# DATASET SECTION:
=====
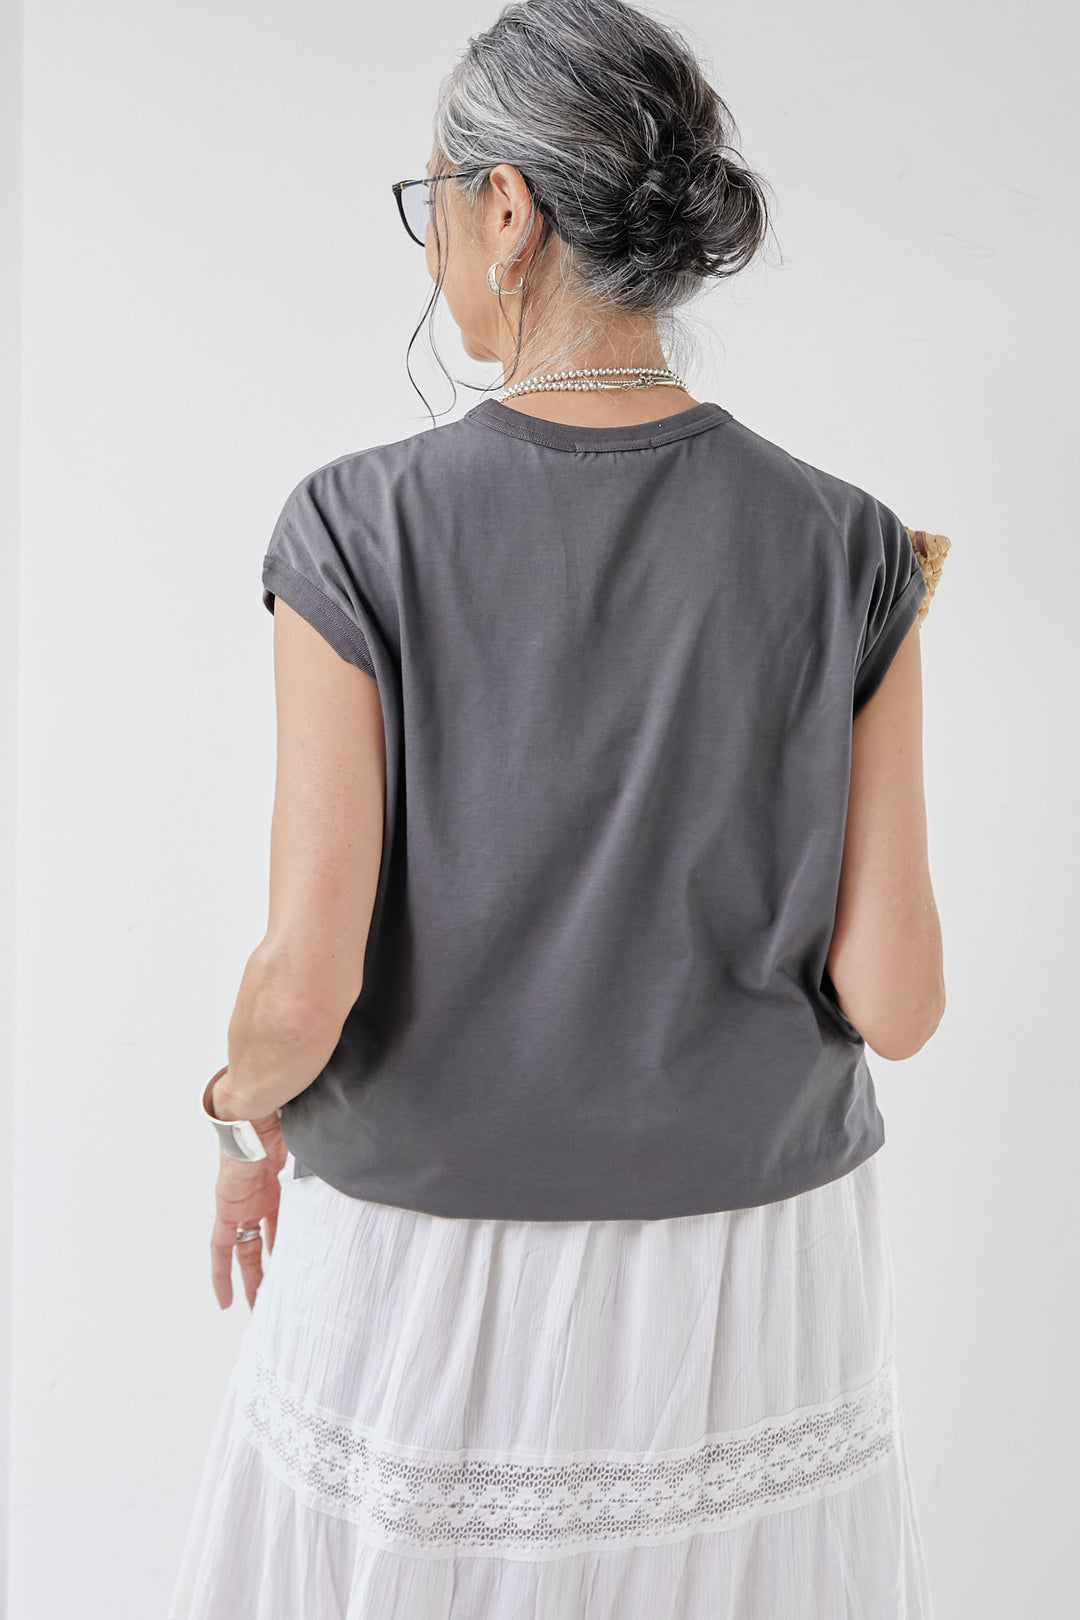 [Made in Japan] Round neck sleeveless
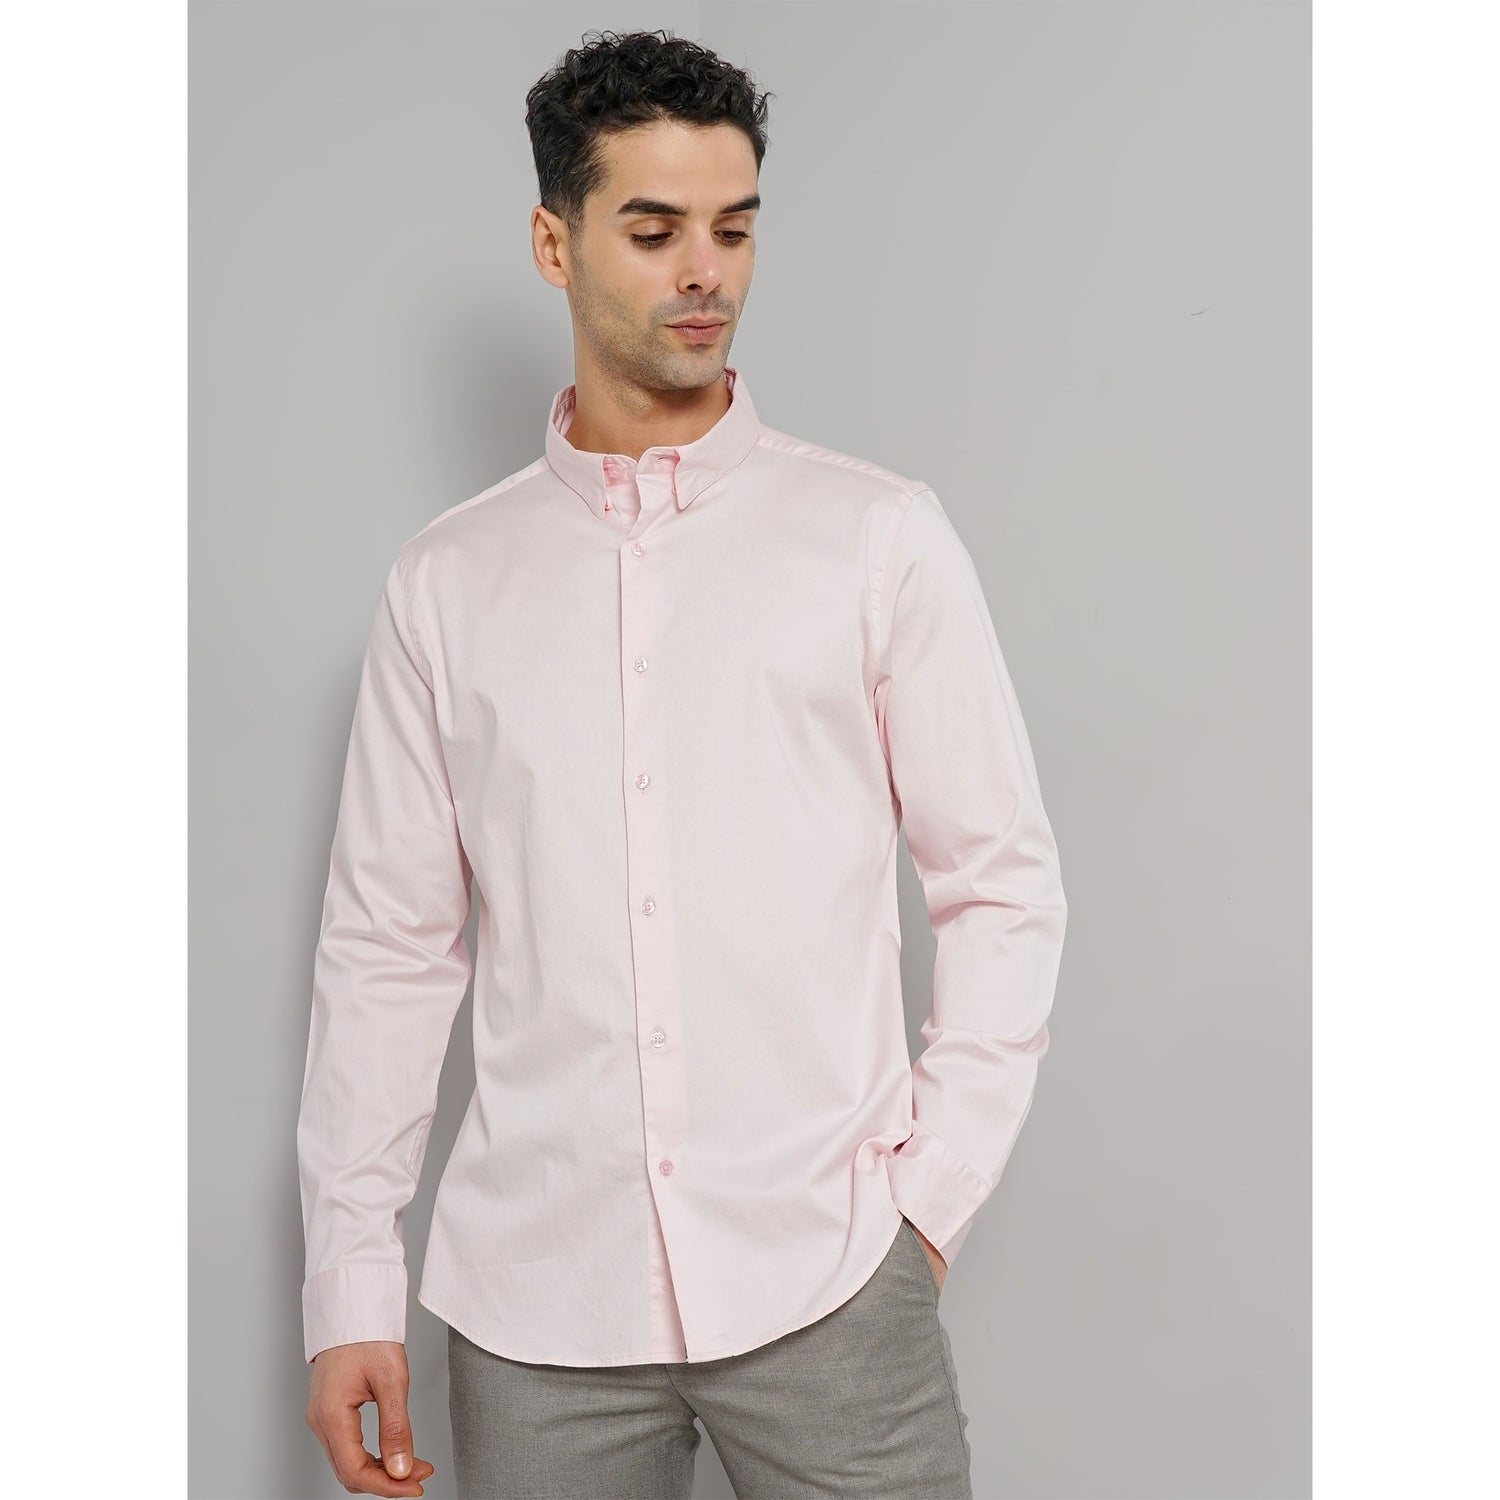 Men's Pink Solid Slim Fit Cotton Formal Shirt (FARARE)
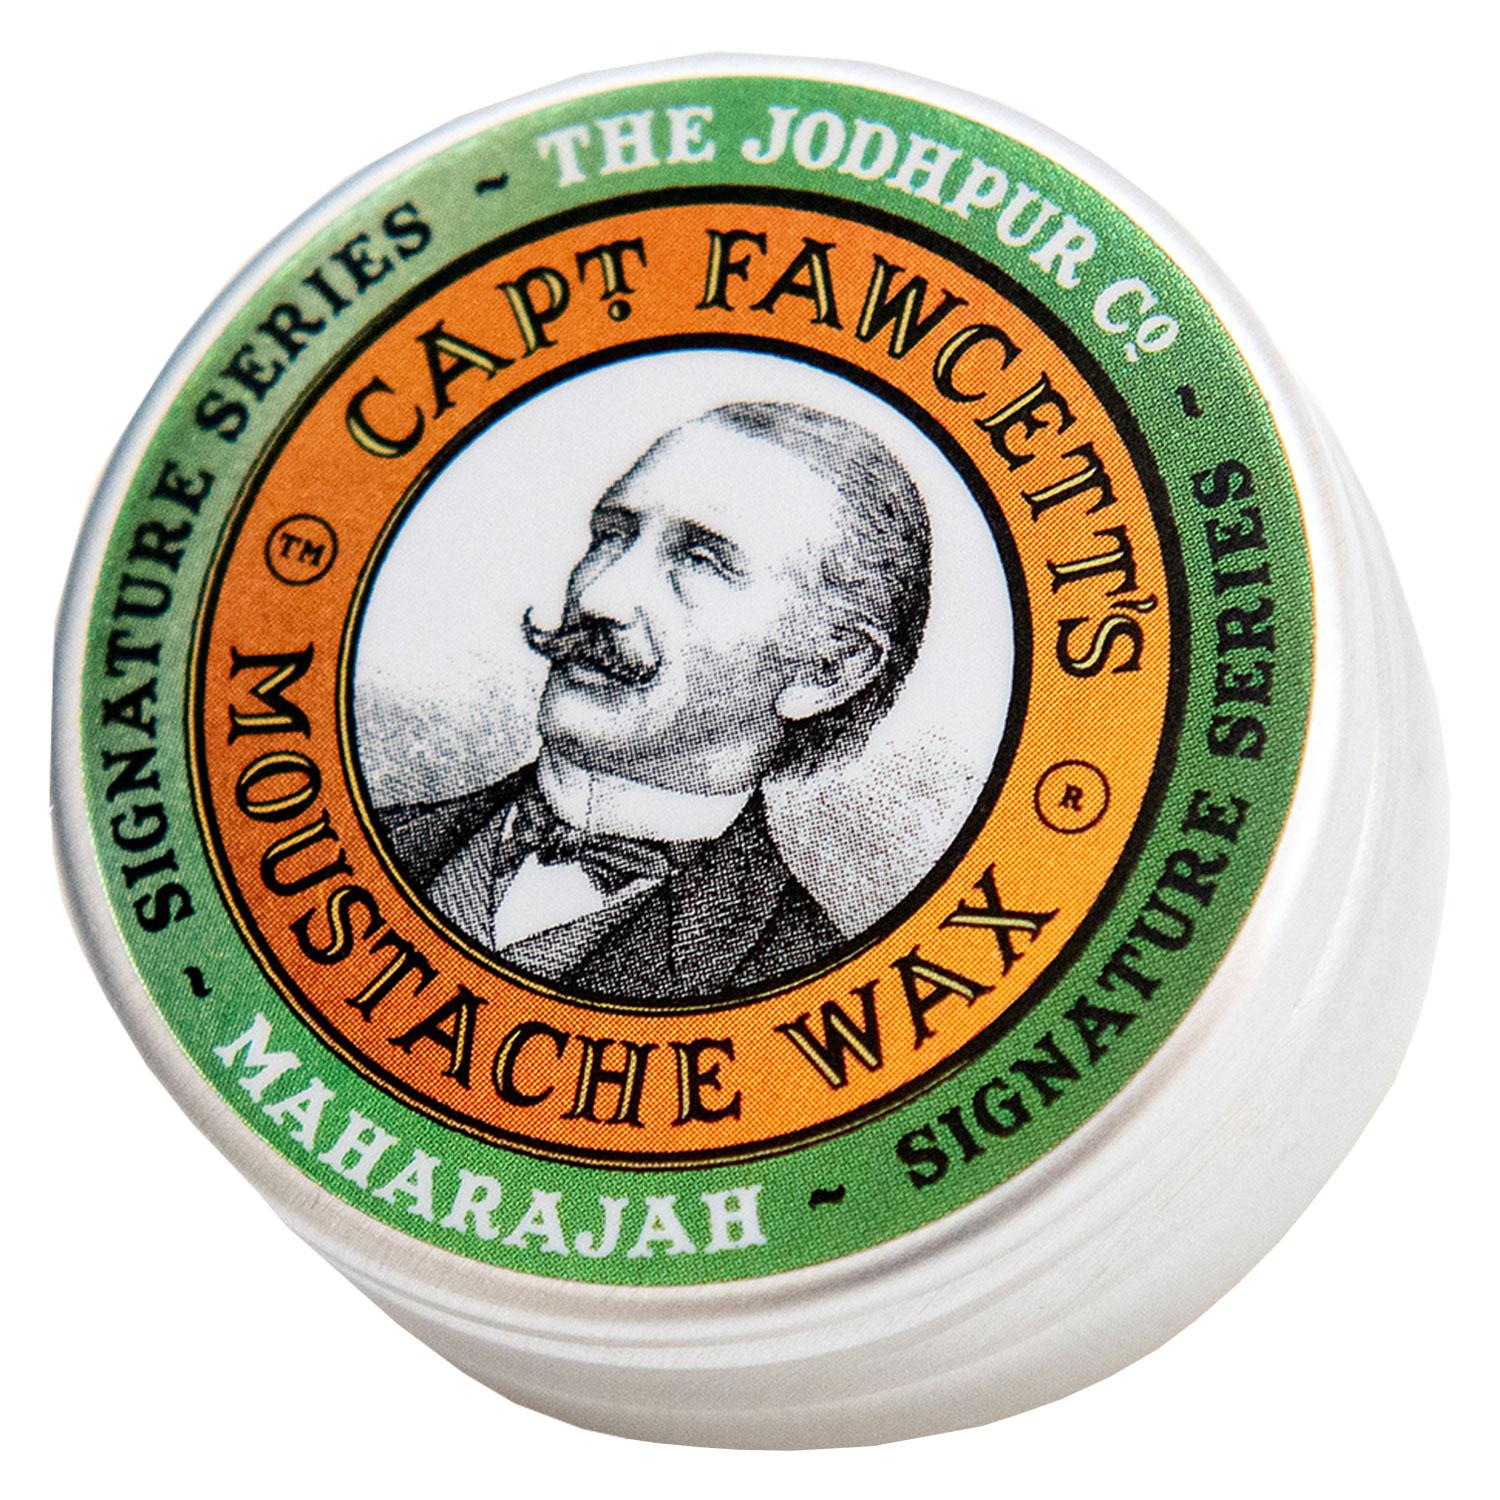 Capt. Fawcett Care - Maharajah Moustache Wax
=====
# WHAT IS EXPECTED:
Pictures excluded, write out exactly and only the lines of the material from the one containing "Men's Pink Solid" up to and including the last line.

# EXERCISE RESPONSE:
 Men's Pink Solid Slim Fit Cotton Formal Shirt (FARARE)
 Capt. Fawcett Care - Maharajah Moustache Wax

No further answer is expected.